A Sense Of Sumptuousness: A Found Poem Poem by Frank Avon

A Sense Of Sumptuousness: A Found Poem

Rating: 3.5


A poem
is something of a list,
[a poet of the tribe of postmodernists says]
a list of phenomena
and reaction
that may or may not
lead to a conclusion.

It's not a story,
it's an arrangement.

[It hopes to]
resist narrative
and its numbing conventions
that depend upon domineering logic,
which is insufficient to
the full welter of life.

We don't live narratives.

We hop.

[Such a poem]
conveys a sense of amazements
in each landing and takeoff.

It comes to a sense of ending
that isn't necessarily completion
but more like how a song ends,
with a sense of

sumptuousness achieved.


[Adapted from Dean Young, in Best American Poetry 2014, Notes and Comments, p192]

Friday, September 26, 2014
Topic(s) of this poem: writing
POET'S NOTES ABOUT THE POEM
I have just finished reading the poems in Best American Poetry 2014. It's better than most of the volumes have been lately, for it contains a wide variety of poems representing a number of 'schools' of poetry. Two of the last poems are clear examples of postmodernism, one of them 'Emerald Spider Between Rose Thorns' by one Dean Young. My found poem is adapted from Young's notes on his poem; furthermore, his comments are the clearest (most logical!) explanation of postmodern poetry that I have yet read. It acknowledges - indeed, urges - fragmentation, logical incoherence, and the juxtaposition of unrelated items, as in a list.
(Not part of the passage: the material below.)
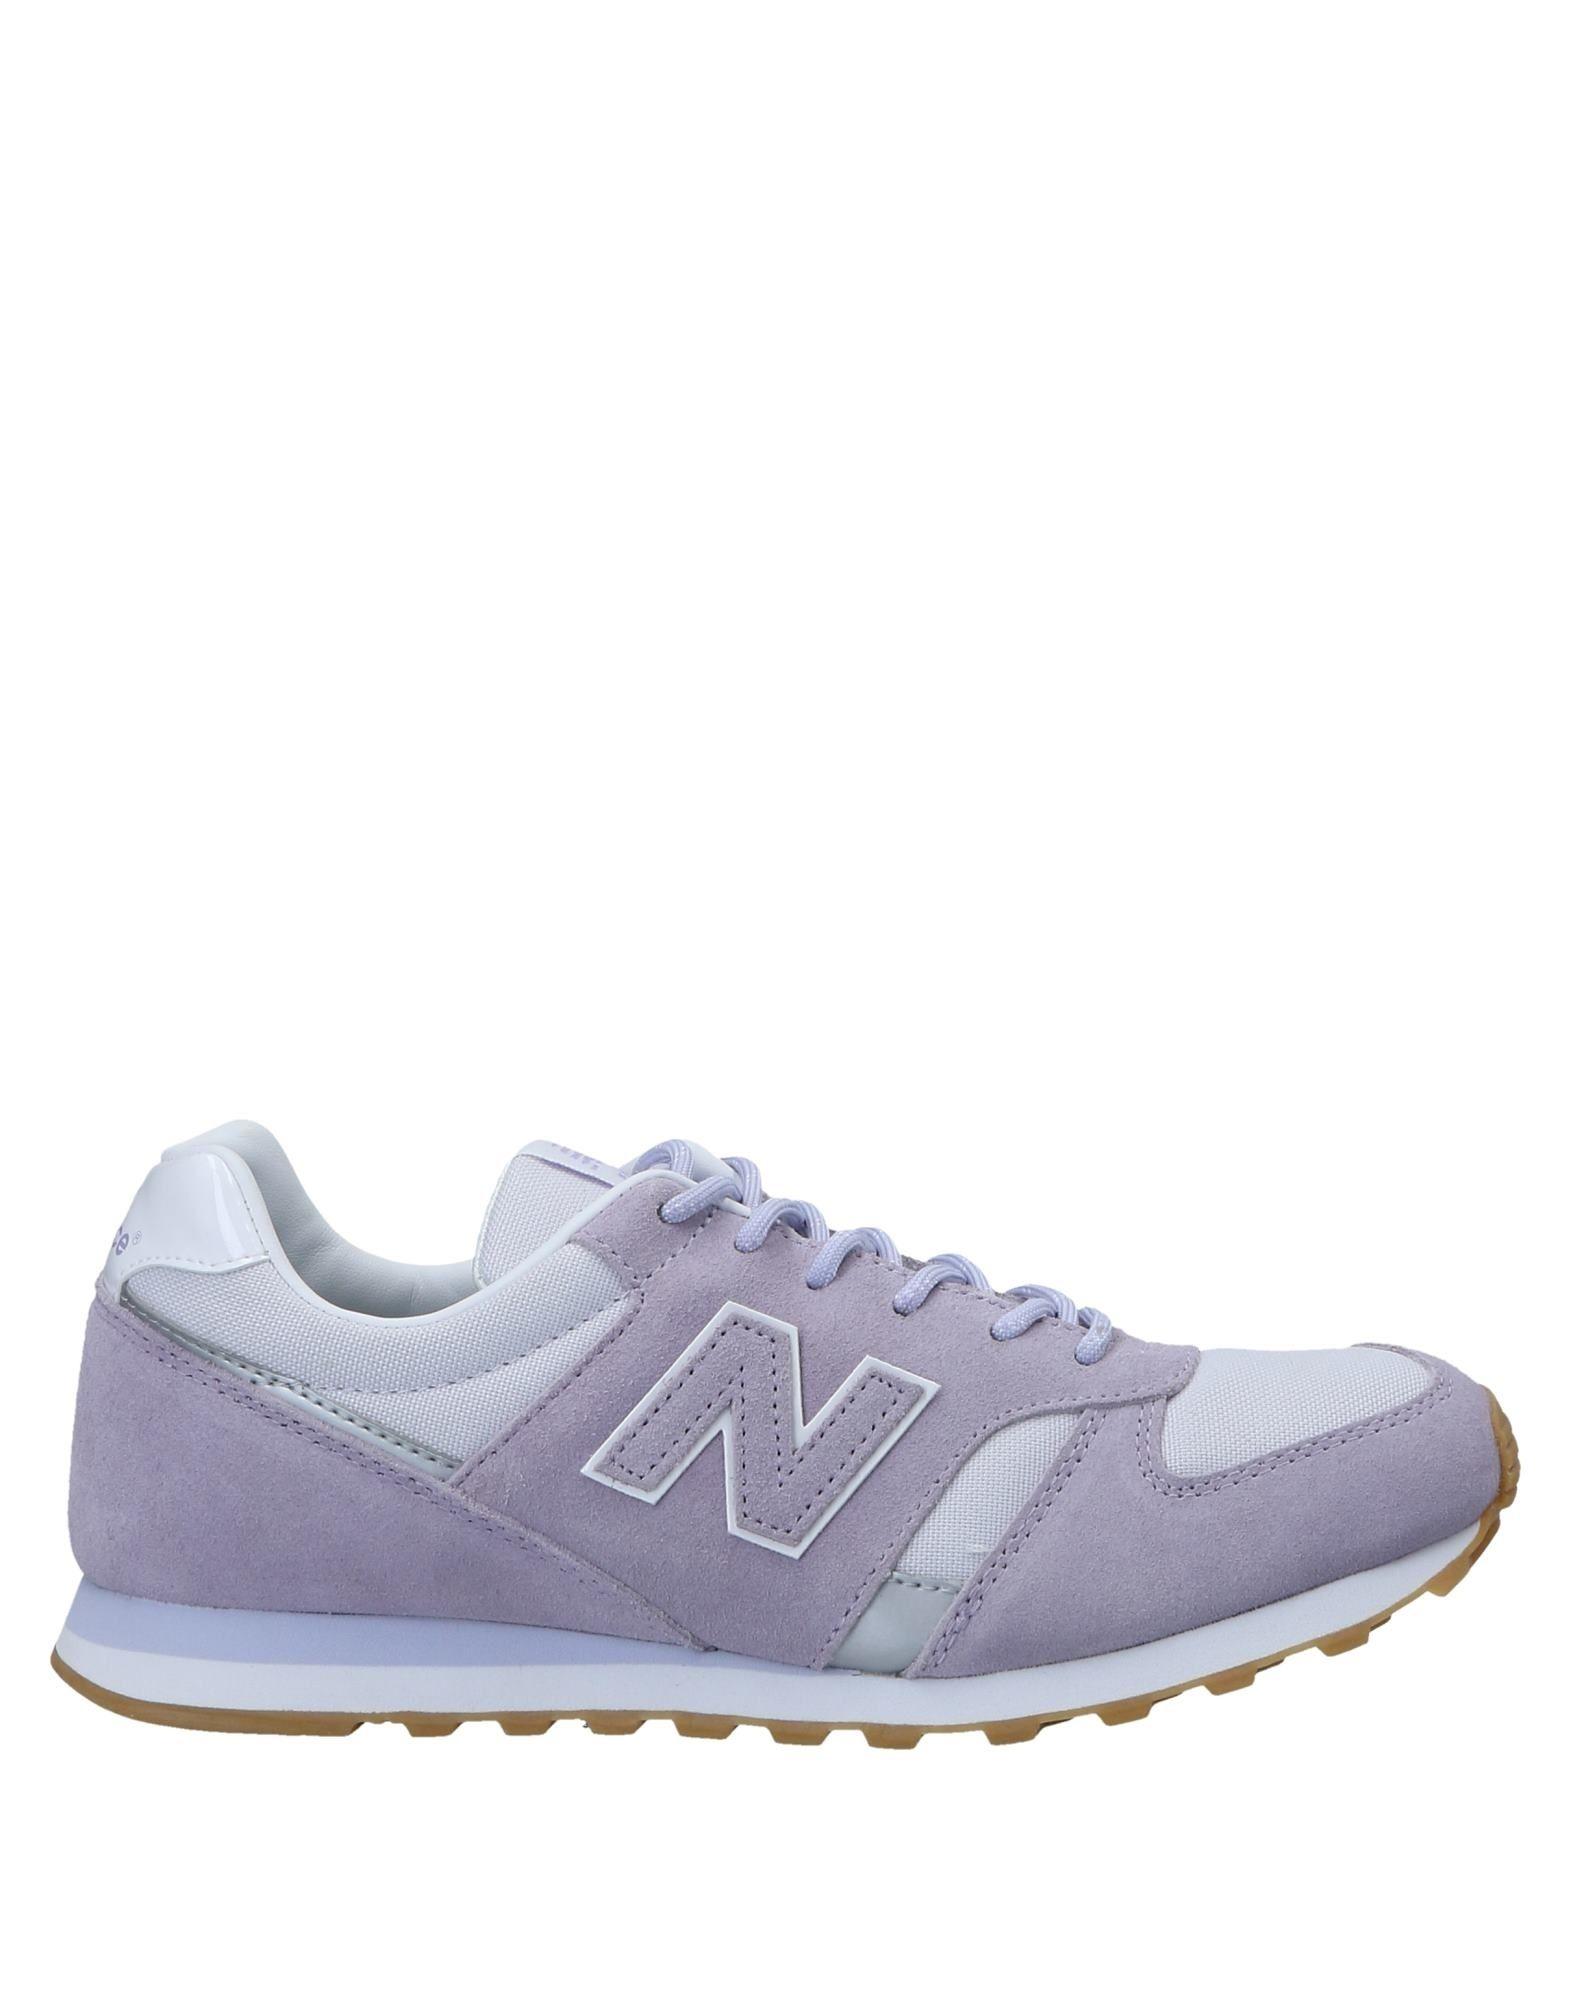 New Balance Sneakers Damen beliebte  11551476CS Gute Qualität beliebte Damen Schuhe 48497b

I thought his comment itself has the rhythms, images, sounds, and phrasing of authentic poetry; so I rewrote it in lines and, thus, confirmed my first impression. Just one example: the phrase 'the full welter of life' is itself fresh and engaging, it also has a wealth of consonance. With the preceding and successive lines, it has a certain rhythm, and it leads (logically!) to the images of living as hopping, and poems as a series of landings and takeoffs. It is, in other words, an example of 'sumptuousness achieved.'

By the way, his poem, on which he is commenting, is far more coherent, unified, narrative, and conclusive than he would have you believe - and far, far more so than most postmodern poetry; e.g., 'Mindful' by Rachel Zucker, the final poem of the collection, which, with the help of intrusive jargon from podcasting, is very nearly gibberish. It definitely hops, reflecting the rush/rush/rush of life on the streets of NYC. I know this because that's what she says in her notes.